I couldn’t finish, but I didn’t need to. I felt her fingers glide over the backs of my hands and up my arms before running through my hair.
“It’s getting late, and I’m tired. Lie down with me, please?” Raine asked. She started to lean back right where we were. Then one hand was on my face, the other in my hair, and my arms were around her. Raine tugged at me until we were both lying down on the raft with Raine on her back and my head buried against her shoulder. I stopped shaking, but I still felt the panic building up inside of me. I shouldn’t want this. This was going to lead to pain and not the easy kind.

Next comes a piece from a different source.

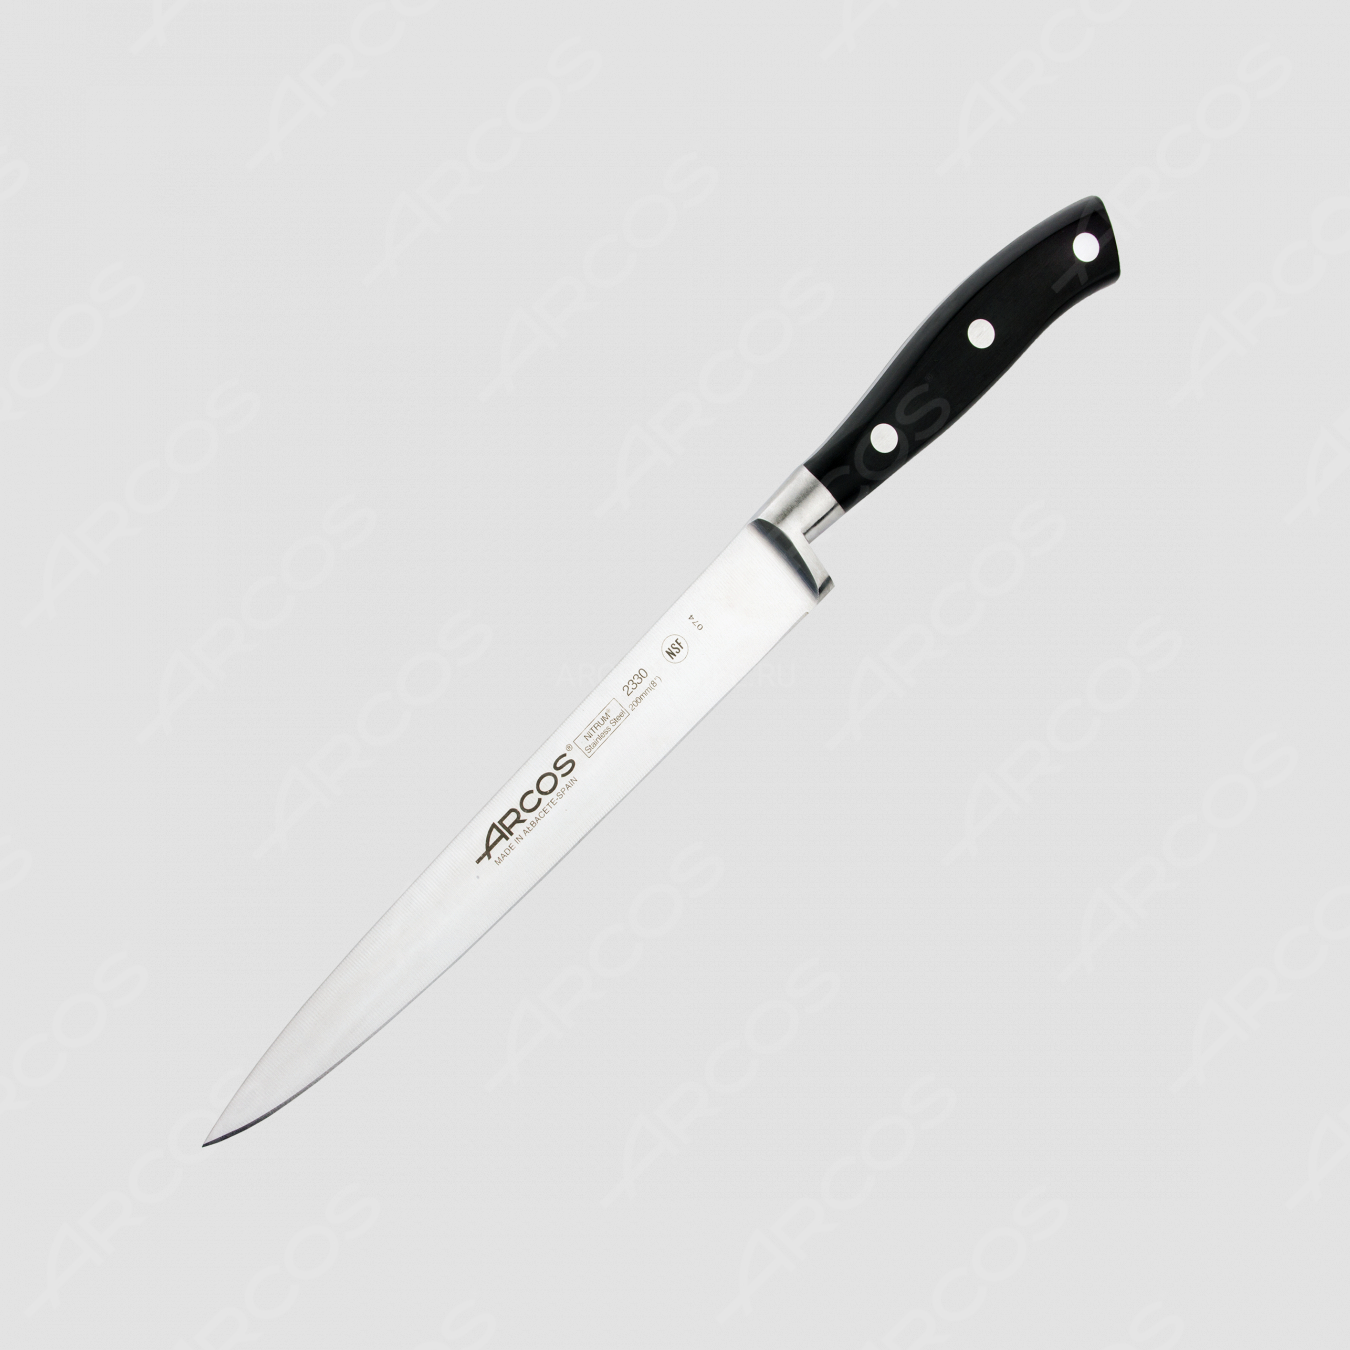 Нож кухонный для резки мяса 20 см, серия Riviera, ARCOS, Испания

“I’m not going to hurt you, Bastian.”
I tilted my head up from her shoulder, feeling her cheek brush against mine. I looked at her, confused by her words, her tone, her actions – her everything.
“How do you know what to do?” I asked her.
“I don’t understand,” Raine said. “How do I know what to do about what?”
“You make me calm,” I said quietly, “or at least calmer. How do you know how to do that? The way you touch me, the way you look at me…I don’t know what it means.”
For a moment, we stared at each other until I saw a tear drop from her eyelashes. I reached up and placed my hand on her face, wiping the moisture away.
“Don’t cry.”
“No one’s ever done this for you before, have they?” Raine’s tone was sad, but there was anger there as well.
“Done what?”
“Shown you any kind of affection.”
“Affection?” I thought about the word’s definition and what it meant to me, quickly determining it meant nothing. “I don’t know what you mean.”
“No one’s ever cared for you,” Raine expounded. “Or taken care of you.”
“Landon…”
“He did not take care of you,” Raine practically growled. She took a deep breath and let it out slowly, then began running her fingers through the hair on my face again. “Not the way I mean.”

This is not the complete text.